Thank you for clarification.

Best Regards

Ajay Pokharel

Dear Edwin;

You had a very good insight when you pointed out that "Physicists can project mathematical structure onto reality and can come to believe that the corresponding physical structure is reality".

I like they way you presented your discussion (a "trialog" between the three geniuses that originated modern physics), but, knowing the epistemological and ontological problems that plague the traditional fundamental concepts in physics, I felt like reading a treaties on the "Sexes of Angels".

Note:

There is a solution to the Heaviside-Hertz electro- and gravito-magnetic theory without having to include mass in the photon. In the same way as there is no electric charge in the photon, and it has associated an electric field, there is a gravitational field associated to the photon without it having mass (see "EMG Theory of the Photon, http://www.journaloftheoretics.com/links/Papers/EMG%20III.pdf).

I wish you had time to read in my essay my concept of space, space-time and time.

Yours;

Diogenes

Dear Edwin Eugene Klingman,

While I don't like beer, and my computer has minor problems to correctly reproduce all formulas, I would like to recomment your paper "An energy-based derivation of Lorentz tramsformation in one inertial frame" to all teachers of physics worldwide:

"We only need the Lorentz tramsformation when energy is taken into account, such as is required for particle physics."
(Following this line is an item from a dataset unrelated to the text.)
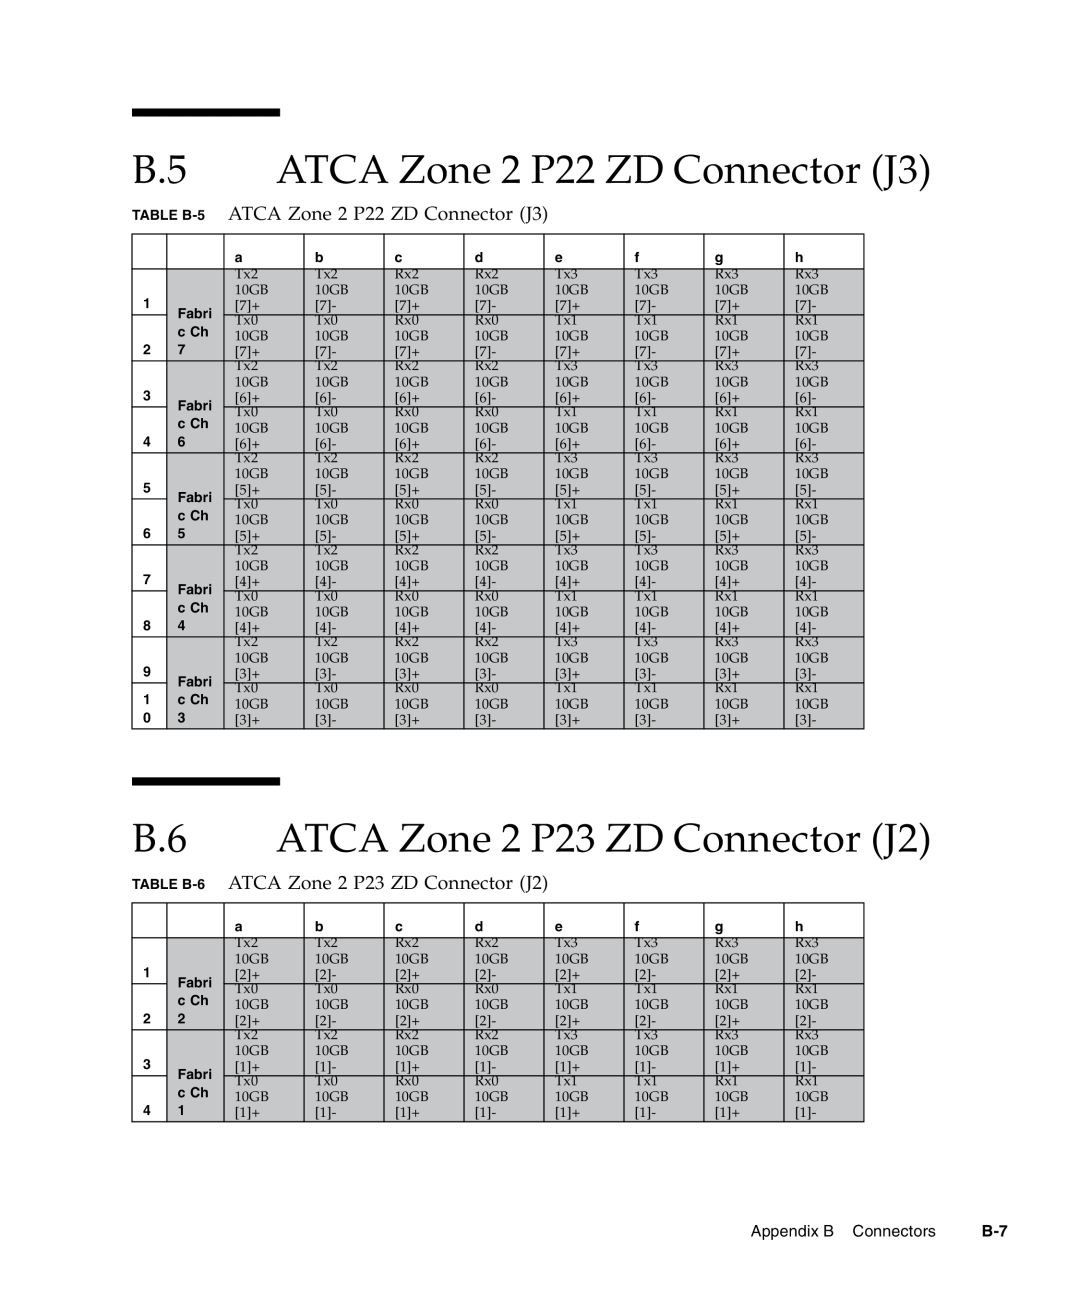 Sun Microsystems CP3240 manual ATCA Zone 2 P22 ZD Connector J3, ATCA Zone 2 P23 ZD Connector J2 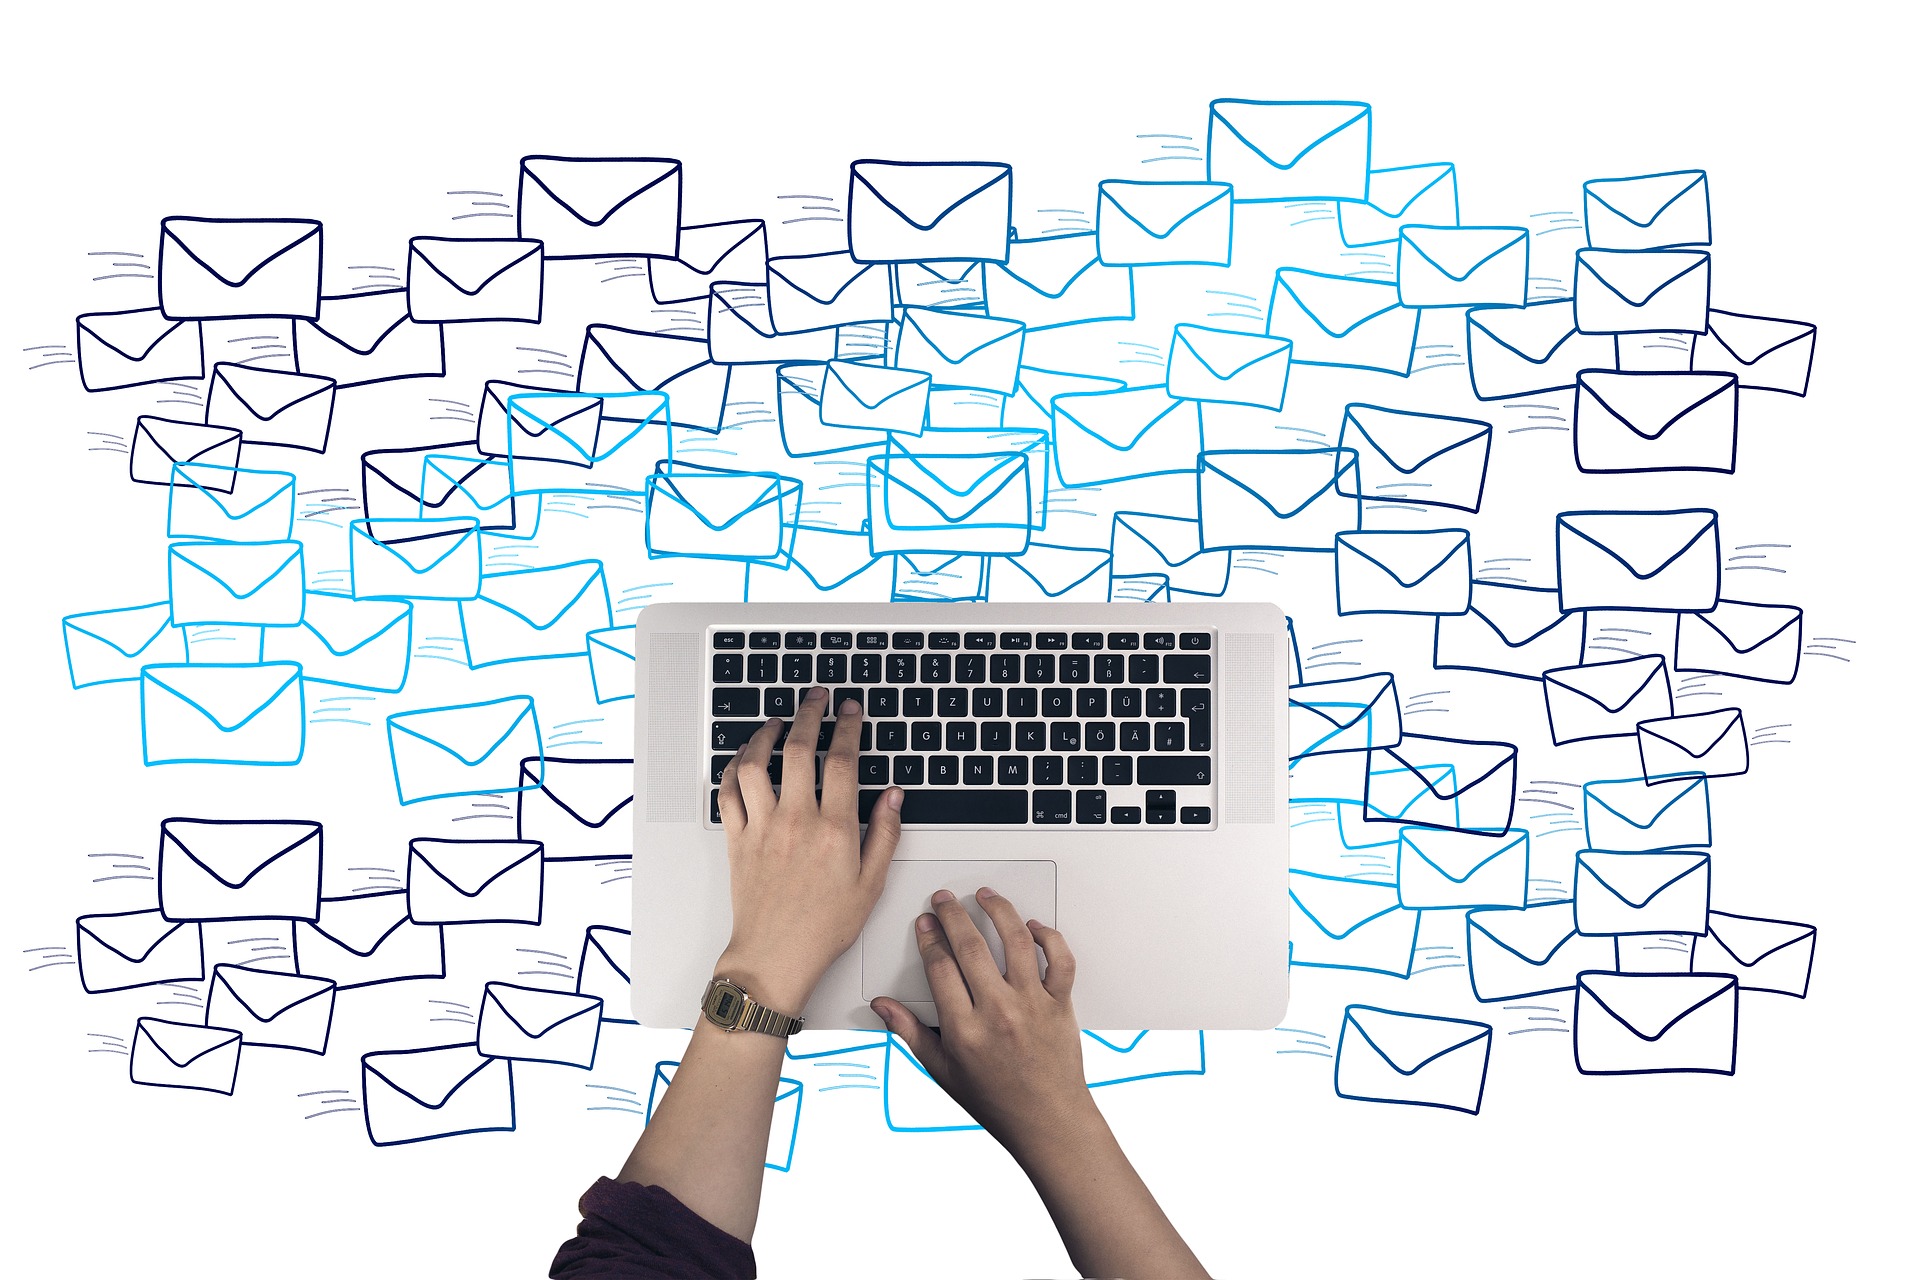 La decisión de Microsoft que afecta al email marketing. Email marketing y envío masivo de emails a través de una herramienta de email marketing teenvio

May I suggest you commenting on Michelson's late (1923?) experiments too?

Best,

Eckard

Dear Edwin Eugene Klingman,

an interesting essay, but a dangerous technique. While it is quite natural to think in terms of such discussions - theoretical physics is, last but not least, argumentation, and requires that counter-arguments are answered - the discussions we imagine in our mind certainly differ from real discussions a lot. First of all, in a positive way, because nobody falls back to ad hominem and nobody proposes completely stupid counterarguments. But, on the other hand, finally, the opponents in our imagined discussions give up and admit we have the better argument (if not, we change our own position, instead of writing it into a paper). This happens also if our own arguments have weak points we have not recognized. In real discussions, even among scientists today, you will seldom find such agreement.

This makes such dialogues always very unrealistic. A point which holds also for classical examples like Socrates.

The problem becomes much more serious if we use, as our opponents in the imagined discussion, not no-names we have invented ourselves, but real scientists. This essentially changes how one reads the dialogue. Even if it is only a ghost of Einstein who participates, every place where Einstein admits you are right is dangerous. Even if you would be really right, not everybody will agree with this, And those who will not agree will make conclusions which are very unfavorable for you, like "oh, this is one of the many ether cranks who claim to have found logical errors in Einstein's theory". And you receive immediately 10 points for point 18 of the Baez' crackpot index http://math.ucr.edu/home/baez/crackpot.html So, the story you use is an extremely dangerous technique, far too open to attack, and extremely difficult to defend.

And it is indeed not that difficult to find things attributed to Einstein which may be reasonably questioned:

AE: My dear Prof. Hertz, I never realized that your equations of electrodynamics are Galilean invariant.

Of course, if EM is an ether theory, it does not have any problem with Galilean invariance, the preferred frame of the Maxwell equations is simply the rest frame of the ether, and one can, of course, rewrite them for a frame moving against the ether too. I think (or I would guess, without having studied this) this was the standard position of pre-relativistic scientists about Galilean invariance for the Maxwell equations of a luminiferous ether. Today it is the standard view about sound wave equations in condensed matter theory too. To assume that Einstein was somehow unaware of this is at least questionable.